Le stalinisme défend le mot d’ordre de « libération nationale »… Cette politique semble faite exprès pour détourner l’attention des travailleurs des problèmes fondamentaux, pour nuire à la lutte contre le capitalisme et pour les inciter à chercher l’ennemi principal hors des frontières. (Trotsky, 14 septembre 1932)

En réalité, les mouvements de délocalisations et de relocalisations résultent surtout des décisions des groupes capitalistes d’envergure internationale. Les manageurs à leur tête obéissent d’abord à des questions de coûts intégrant l’ensemble des paramètres, production, transports, etc. C’est le profit qui commande et non des choix idéologiques. C’est ce qui amène d’ailleurs en permanence la recherche de nouveaux lieux de production aux conditions les plus avantageuses. Cela vaut pour autant qu’il n’existe aucun obstacle, ou le moins possible, à la circulation des marchandises et des capitaux.

En période de croissance, les puissances impérialistes hégémoniques (Grande-Bretagne dans le capitalisme ascendant, États-Unis dans le capitalisme en déclin) et les petits États impérialistes (comme les Pays-Bas, la Suède, etc.) optent pour la libre circulation et contiennent les tendances protectionnistes. Mais, en période de ralentissement de la croissance, les affrontements inter-impérialistes peuvent prendre la forme de barrières protectionnistes, comme le montrent les entraves au commerce entre la Chine et les États-Unis. La nouvelle crise économique va précipiter cette tendance. La relocalisation ne pourra se faire sans taxes aux importations, normes, interdictions de rachat d’entreprises nationales, à l’échelle d’un État ou d’une zone de plusieurs États comme l’UE. Mais c’est un remède pire que le mal qui ne peut qu’accélérer la contraction du marché mondial, de la production totale et donc aggraver les affrontements entre les principaux impérialismes comme les attaques de chaque bourgeoisie contre son prolétariat.

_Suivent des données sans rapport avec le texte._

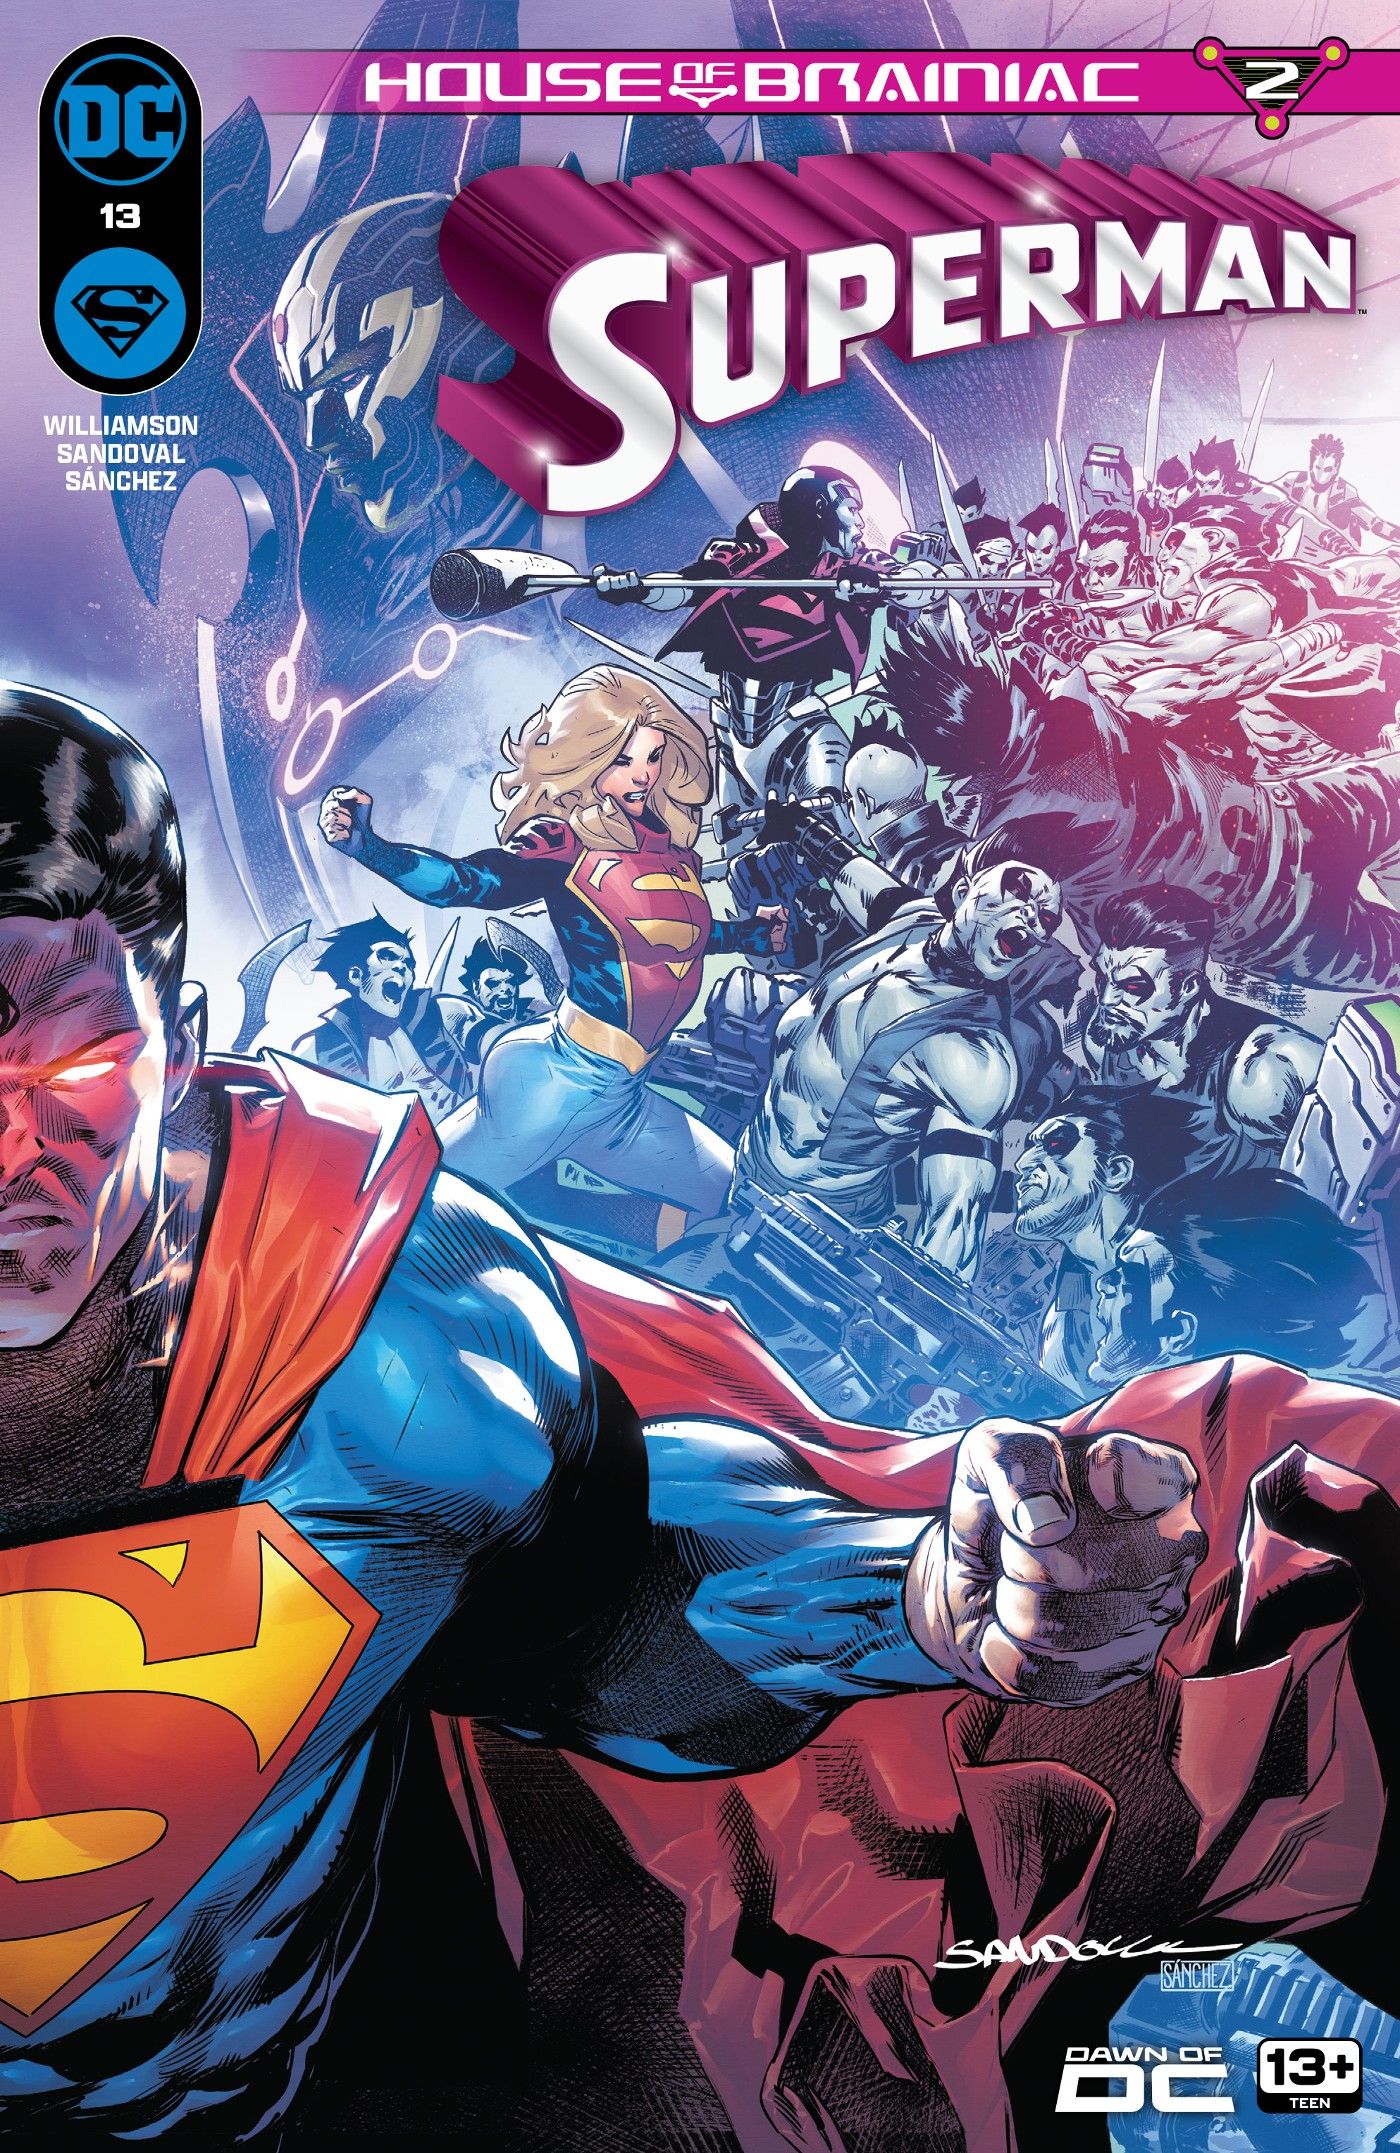 Superman 13 Main Cover: Superman glaring with glowing red eyes. Behind him, Supergirl and Steel fight Czarnians.
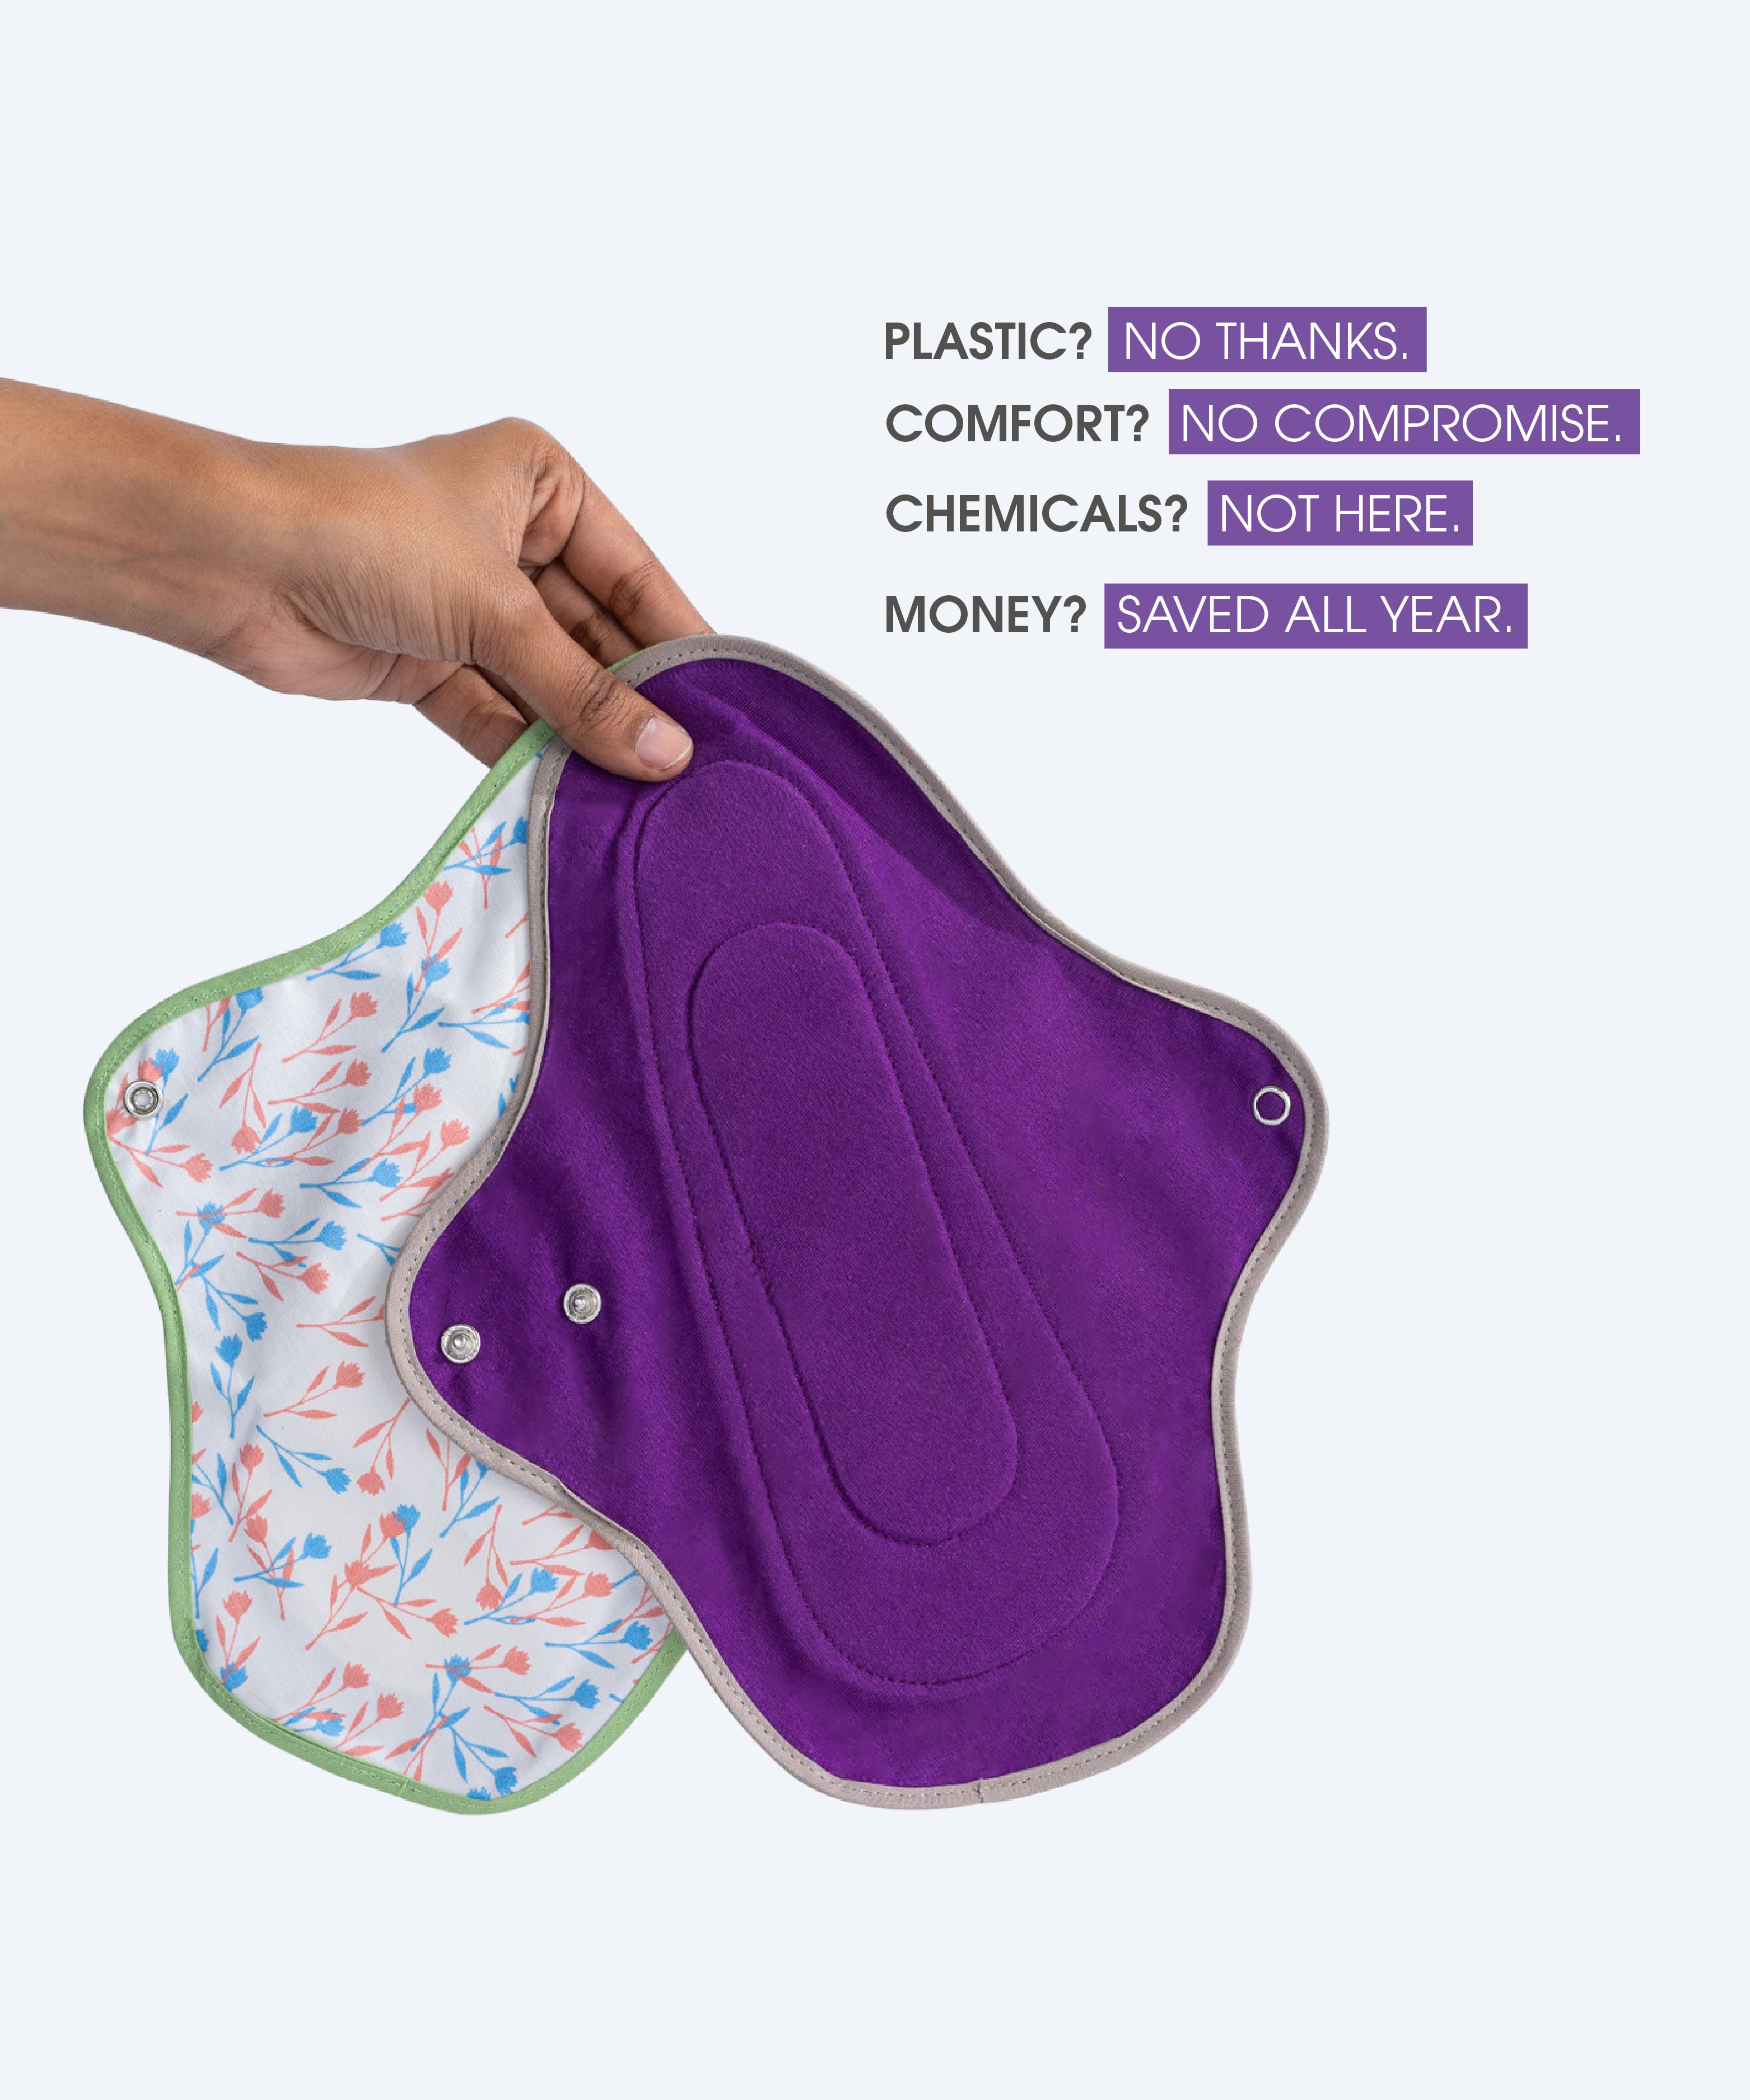 Rebelle Pads  Eco-Friendly Cloth Pads for Sustainable Period Care

Le prolétariat en effet, en l’absence d’une orientation révolutionnaire, sera la victime toute désignée des bouleversements que la crise commence à occasionner. Les restrictions aux libertés démocratiques, la détérioration de l’environnement de toute l’humanité, les pertes d’emplois, la paupérisation, le durcissement des conditions de travail, la surexploitation des travailleurs étrangers, la fermeture des frontières aux réfugiés… sont inscrits dans la logique du capitalisme aux abois. Loin de se laisser berner par les sirènes du nationalisme qui visent à l’enchainer à la défense de sa bourgeoisie, le prolétariat doit défendre les perspectives de la révolution socialiste, de l’internationalisme et du socialisme mondial, seules réponses raisonnables contre la barbarie capitaliste.